Viele fordern heute Charakterbildung. Der modern Begriff Charakter (grch. charaktär – Prägestempel) wird von Aristoteles bestimmt, der Tugenden als Voraussetzung für ein glückliches Leben sah. 

Die klassischen Tugenden der Antike sind Klugheit, Tapferkeit, Mäßigkeit und Gerechtigkeit. Im Christentum standen dann Glaube, Liebe und Hoffnung obenan. Im Mittelalter stellte man Tugenden und Untugenden gegenüber: Demut und Hochmut, Mildtätigkeit und Habgier, Keuschheit und Wollust, Geduld und Zorn, Mäßigung und Völlerei, Wohlwollen und Neid, Fleiß und Faulheit.

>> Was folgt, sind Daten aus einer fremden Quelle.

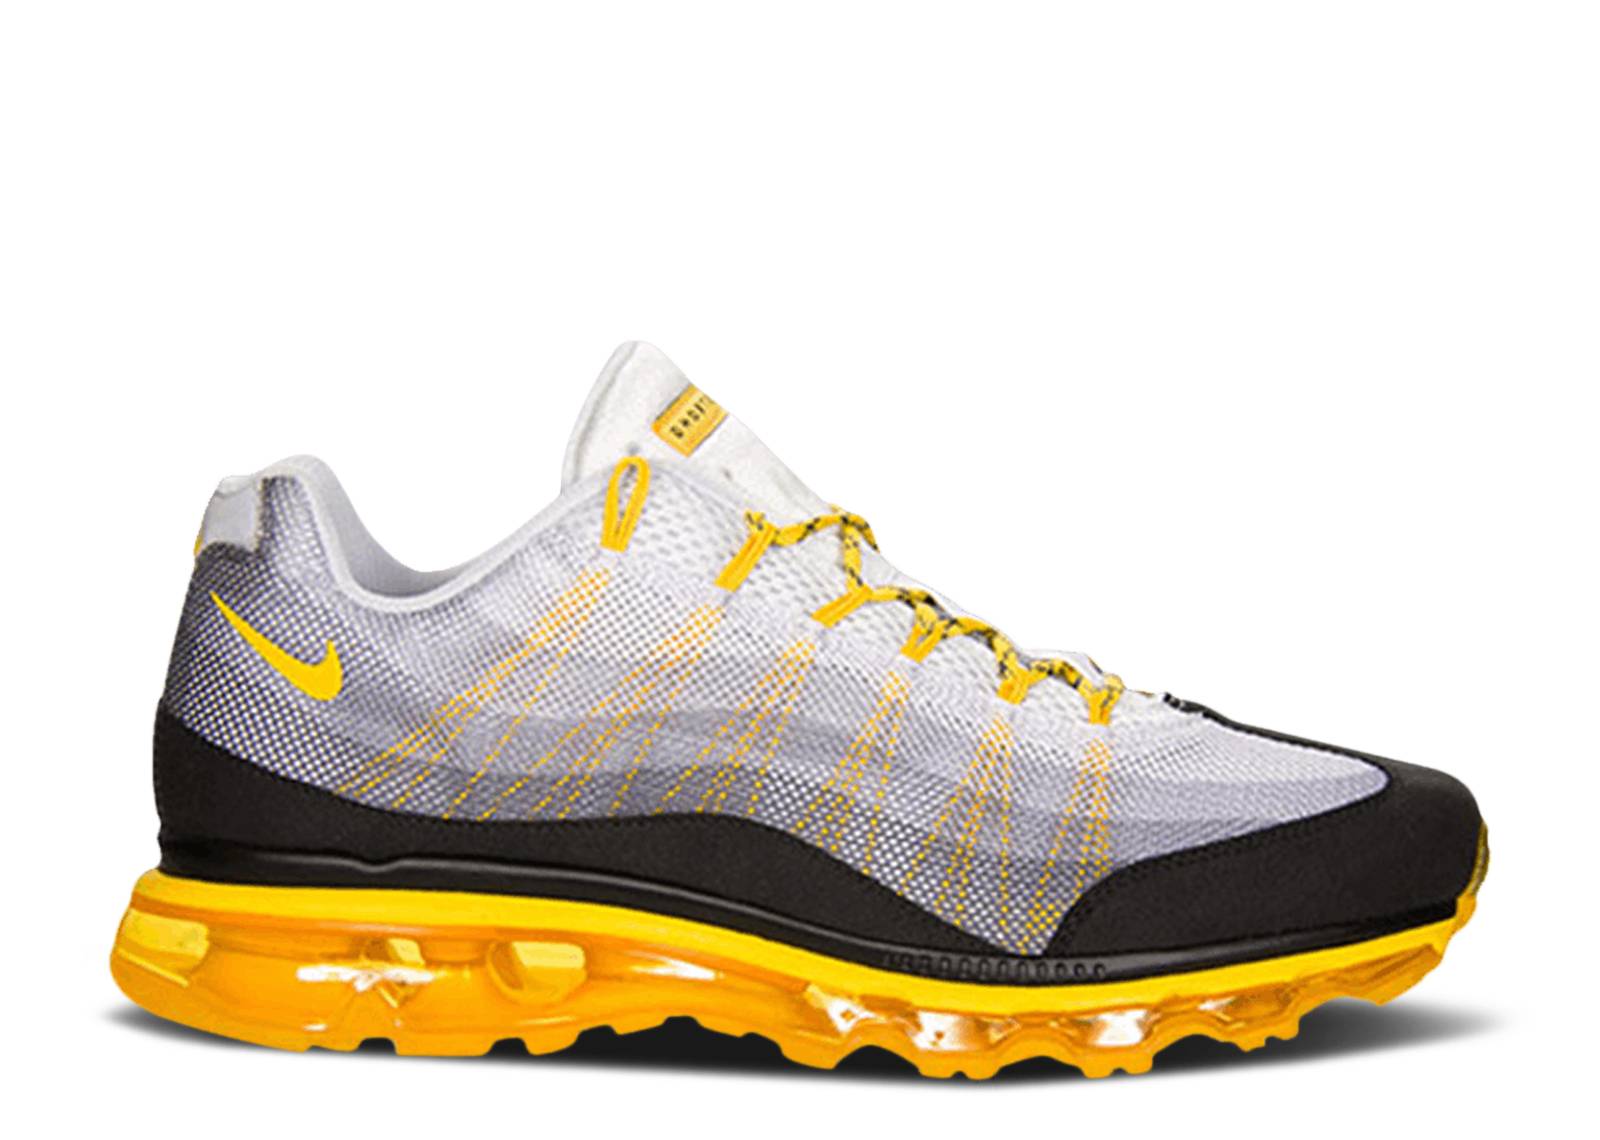 Livestrong x Air Max 95 Dynamic Flywire
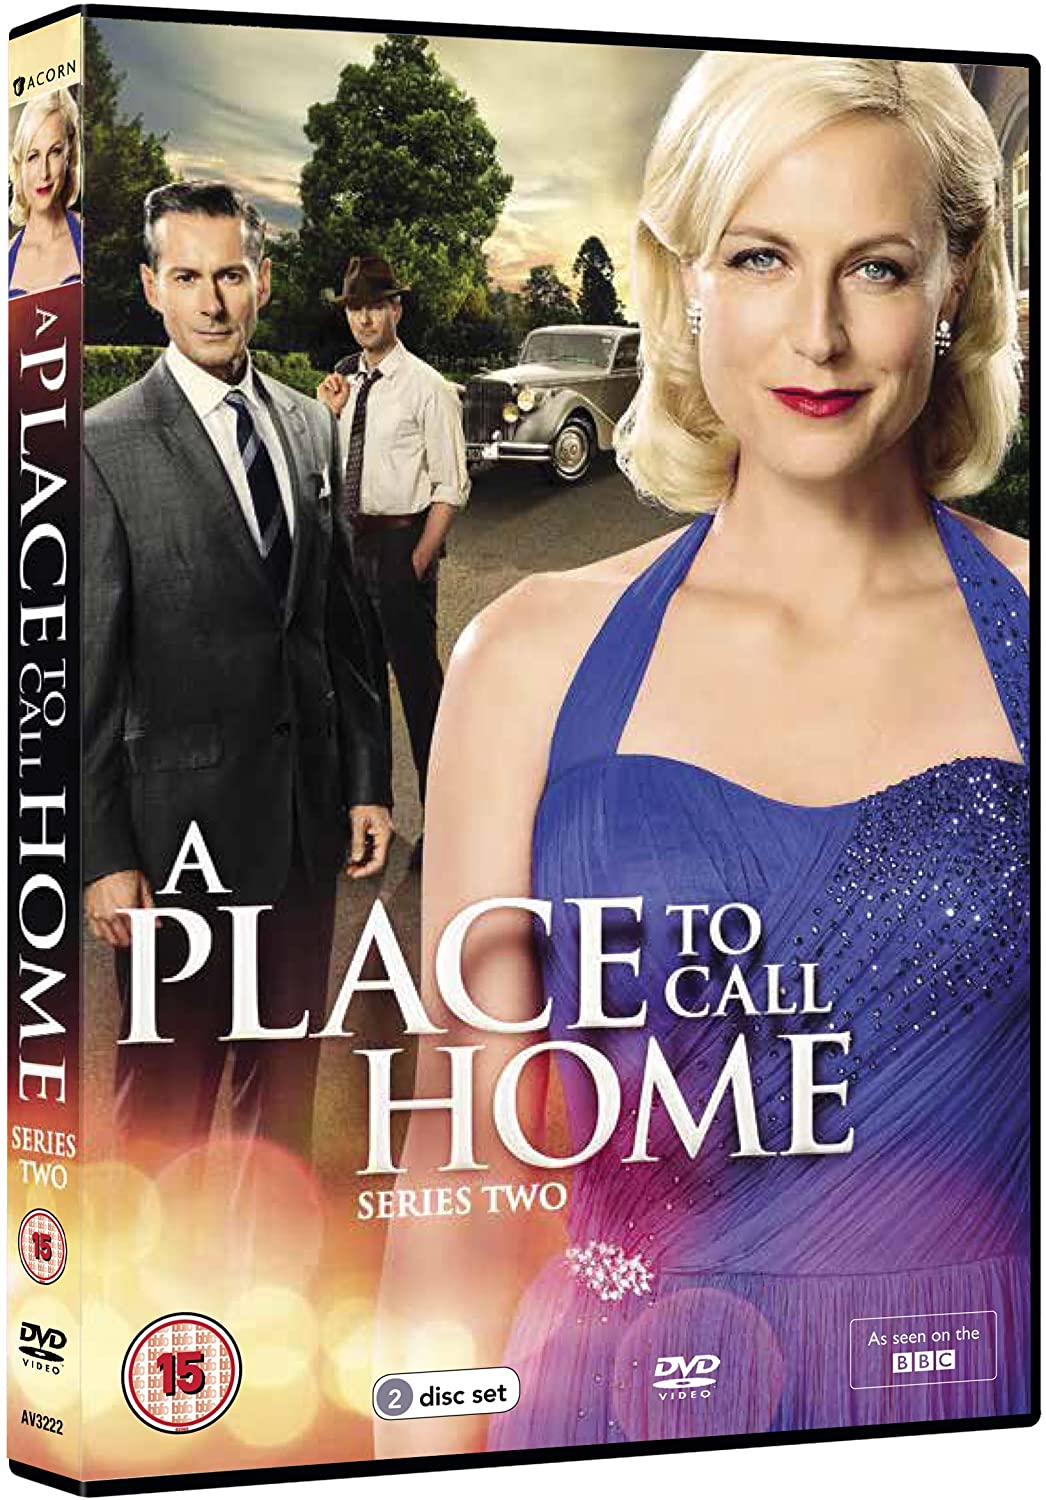 A Place to Call Home, Serie Zwei – [DVD]

Die Tugenden werden durch Belehrung, Übung und Gewohnheit herausgebildet. Wir müssen also wissen, was zu tun ist. Dazu brauchen wir Orientierungspunkte, also Wissen über unsere Berufung (Vision oder Leitbild vom Leben insgesamt) und über die für uns wichtigen Werte. Dem Wissen nahe steht das Können: Wir haben eine Begabung und üben sie ein. Ähnlich ist es mit unseren guten Gewohnheiten, die wir eingeübt haben. Wir üben auch ein, uns nach unserer Berufung oder unseren Werten zu richten. Dabei braucht es zum Können auch eine Begabung. Und wir müssen dies natürlich auch wollen!